Tartrate-resistant acid phosphatase (TRAP) staining was used to calculate the number of osteoclasts. Briefly, the sections were stained using a TRAP Staining kit (cat. no. 387A; Sigma-Aldrich, St. Louis, MO, USA) and the number of osteoclasts was calculated by two independent investigators using an Eclipse E100 microscope (Nikon Corporation, Toyko, Japan).
Immunohistochemistry
Demineralized, paraffin embedded sections of alveolar bone were prepared in order to detect the protein expression levels of sclerostin, β-catenin, osteoprotegrin (OPG) and RANKL by immunohistochemical staining. Briefly, the specimens were deparaffinized and treated with 3% hydrogen peroxide to inhibit endogenous peroxidase activity. Subsequently, the fixed sections were incubated with primary antibodies as follows: Polyclonal rabbit anti-sclerostin (dilution, 1:50; cat. no. ab63097; Abcam, Cambridge, UK), polyclonal rabbit anti-OPG (dilution, 1:200; cat. no. ab73400; Abcam) and monoclonal rabbit anti-β-catenin (dilution, 1:200; ab32572; Abcam) at 37°C for 2 h, followed by incubation with horseradish peroxidase (HRP)-conjugated goat anti-rabbit immunoglobulin G (dilution, 1:200; sc-2004; Santa Cruz Biotechnology, Inc., Dallas, TX, USA) at 37°C for 30 min. Alternatively, these were incubated with polyclonal goat anti-RANKL (dilution, 1:200; cat. no. sc-7628; Santa Cruz Biotechnology, Inc.), followed by HRP-conjugated rabbit anti-goat IgG within the Polink-2 Plus Polymer HRP Detection system (cat. no. PV9003; Zhongshan Bio-Tech, Co., Ltd, Beijing, China) for the corresponding duration and temperatures. Finally, the sections were stained using a 3,3′-diaminobenzidine tetrahydrochloride kit (OriGene Technologies, Inc.). Immunostained sections were scanned using a Nikon Eclipse 800 microscope (Nikon Corporation), and positive areas representing the degree of antigen expression were calculated using Image-Pro Plus version 6.0 image analysis software (Media Cybernetics, Inc., Rockville, MD, USA). Expression levels are presented as the mean optical density (MOD), which was calculated using the following equation: MOD = Integrated optical density/size of the study area.
Statistical analysis
All data are expressed as the mean ± standard deviation. For quantitative outcomes, a paired t-test was used to compare the differences between each group. All statistical analyses were conducted using the SPSS software, version 17.0 (SPSS, Inc., Chicago, IL, USA). P<0.05 was considered to indicate a statistically significant difference.
Results
Alveolar bone histomorphometric evaluation
A decreased BMD and bone destruction were observed in the alveolar apical area at the occlusal hypofunction side by X-ray analysis (Fig. 2A). In addition, high-resolution micro-CT images of the mandibles revealed decreased trabecular and cortical bone masses at the occlusal hypofunction side. Furthermore, development of a cavity and bone architecture deterioration were detected at the occlusal hypofunction side (Fig. 2B). According to quantitative analysis, the BV and BV/TV values at the occlusal hypofunction side were significantly lower, as compared with those at the control side (P<0.001; Fig. 2B). These results were indicative of severe bone loss at the occlusal hypofunction side.
Figure 2.
Histomorphometric analysis of alveolar bone. Bone alterations are indicated with arrows. (A) X-ray analysis detected decreased bone mineral density and active bone loss in the alveolar apical area at the hypofunction side. (B) Micro-computed tomography detected bone architecture deterioration and significantly reduced BV and BV/TV values at the hypofunction side, as compared with the control side. ***P<0.001 vs. control side. BV, bone volume; TV, total volume.

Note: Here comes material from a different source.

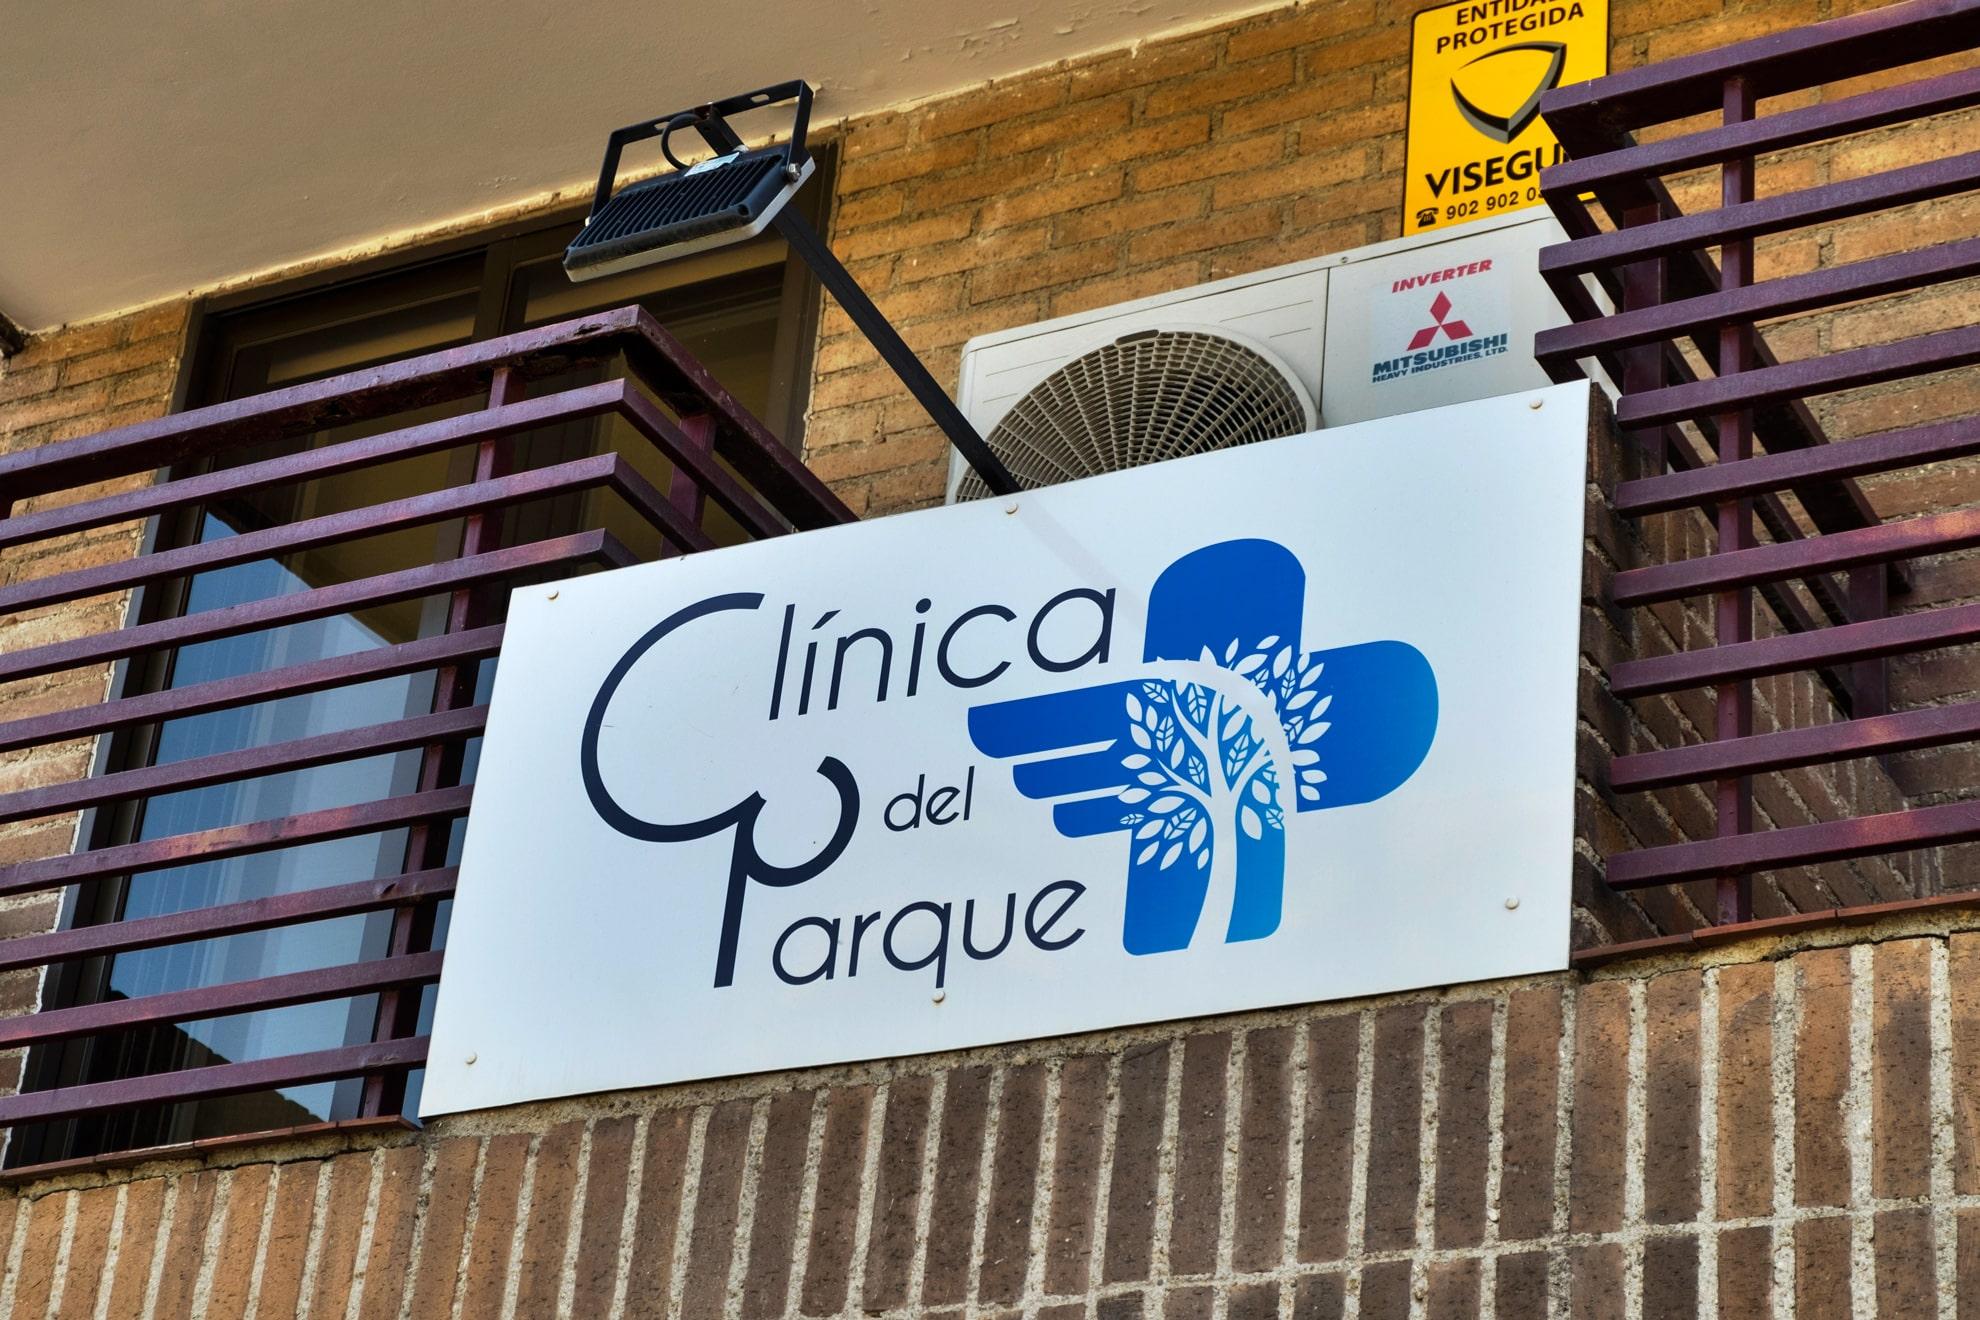 Clínica del Parque - Salud y Bienestar

Alveolar bone histological evaluation and osteoclast activity
Bone deterioration and resorption were observed at the occlusal hypofunction side by H&E staining. In addition, a number of cavities were detected and the trabecular architecture appeared to be deteriorated (Fig. 3A). As demonstrated by TRAP staining, the number of osteoclasts was significantly higher at the occlusal hypofunction side, as compared with the control side (P<0.001; Fig. 3B and C), thus indicating that active bone resorption was occurring.
Figure 3.
Histological evaluation and osteoclast activity. (A) Hematoxylin and eosin staining showed bone resorption occurred at the hypofunction side. (B and C) TRAP staining reflected a higher amount of osteoclasts (red arrows) at the hypofunction side (P<0.001). ***P<0.001. Magnification, ×100.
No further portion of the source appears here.